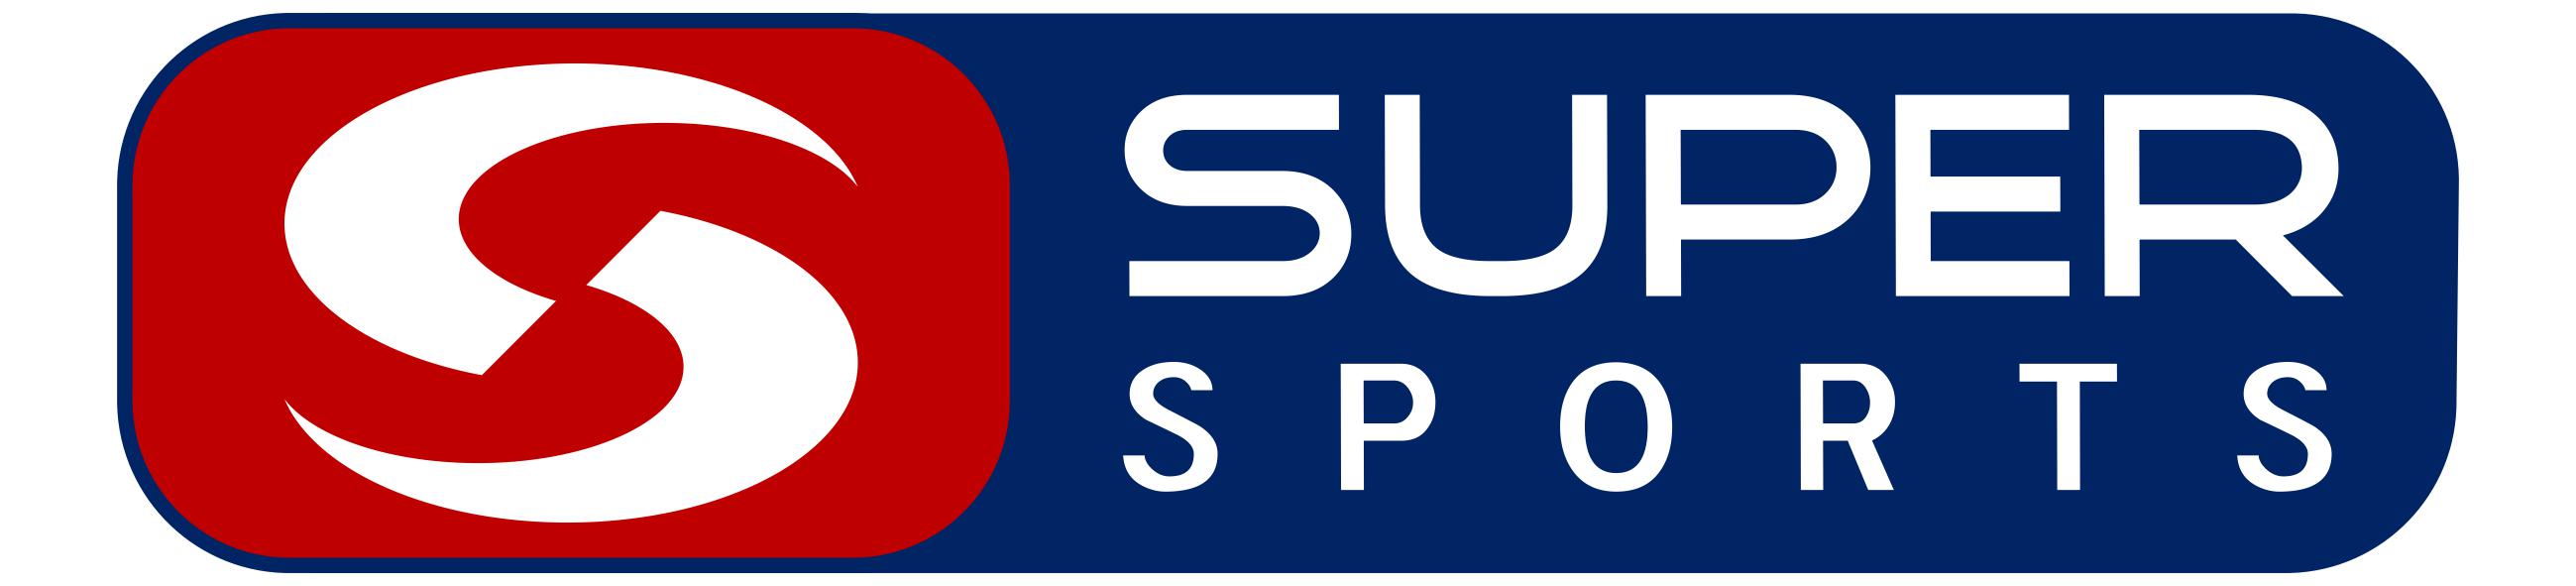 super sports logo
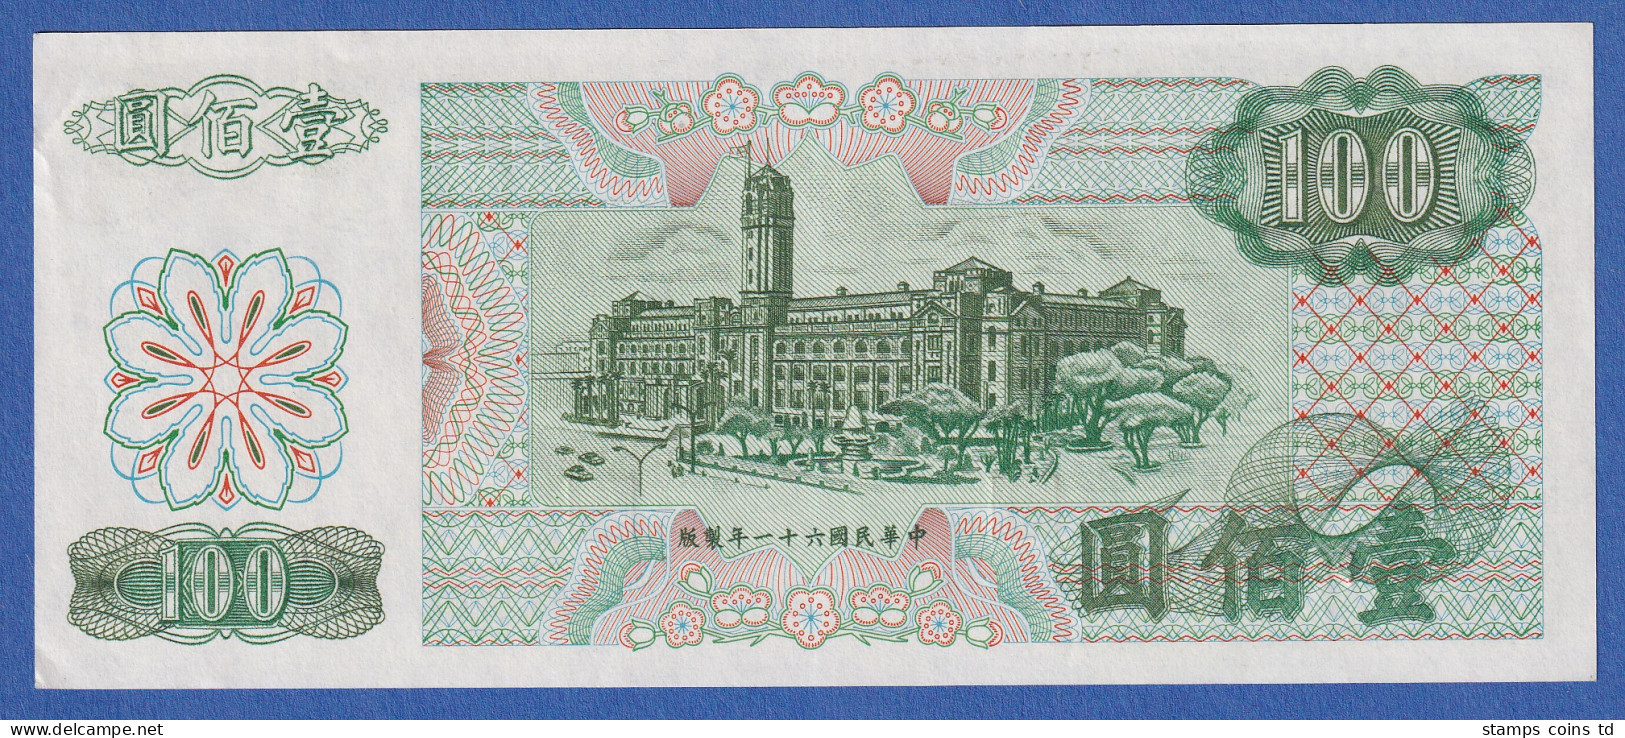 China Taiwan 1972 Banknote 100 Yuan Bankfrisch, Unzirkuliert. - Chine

*****

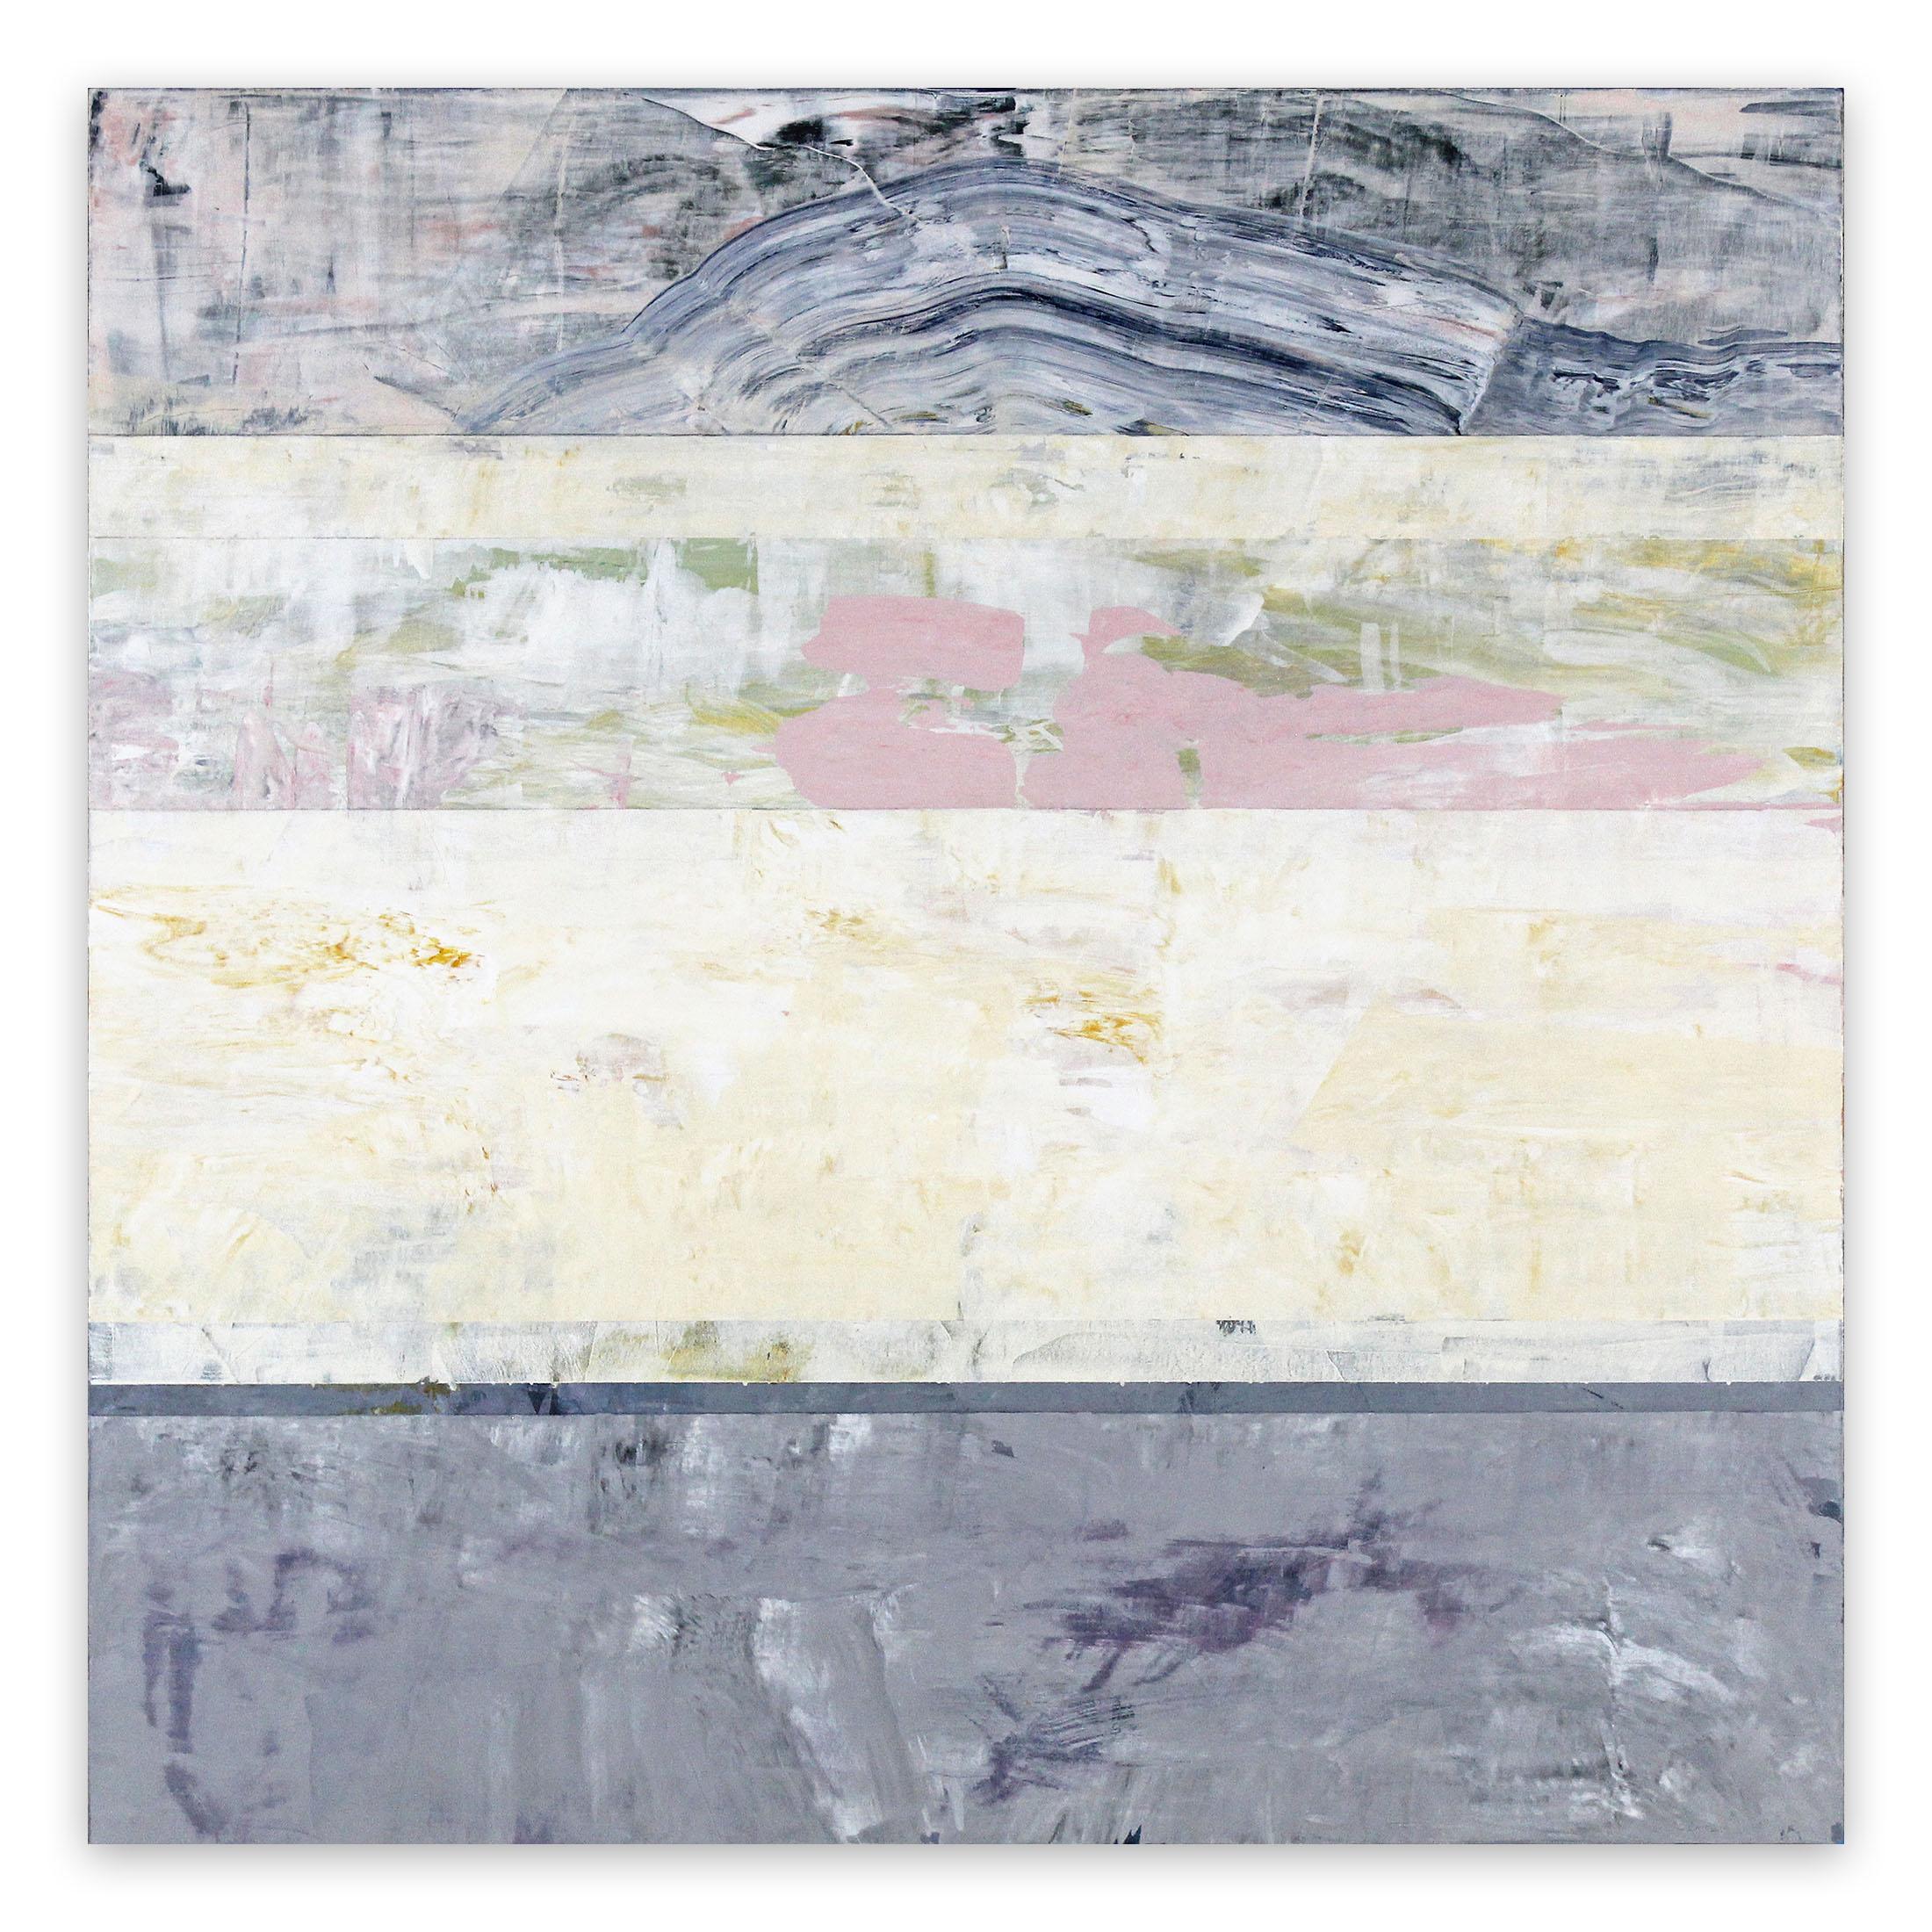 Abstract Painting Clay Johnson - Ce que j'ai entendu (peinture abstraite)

*****

> **TASK DIRECTIONS**: Reproduce the data above exactly, but only from the line containing "super sports logo" through the line containing "China Taiwan 1972". Omit all pictures.

> **TASK RESULT**:
 super sports logo
 China Taiwan 1972 Banknote 100 Yuan Bankfrisch, Unzirkuliert. - Chine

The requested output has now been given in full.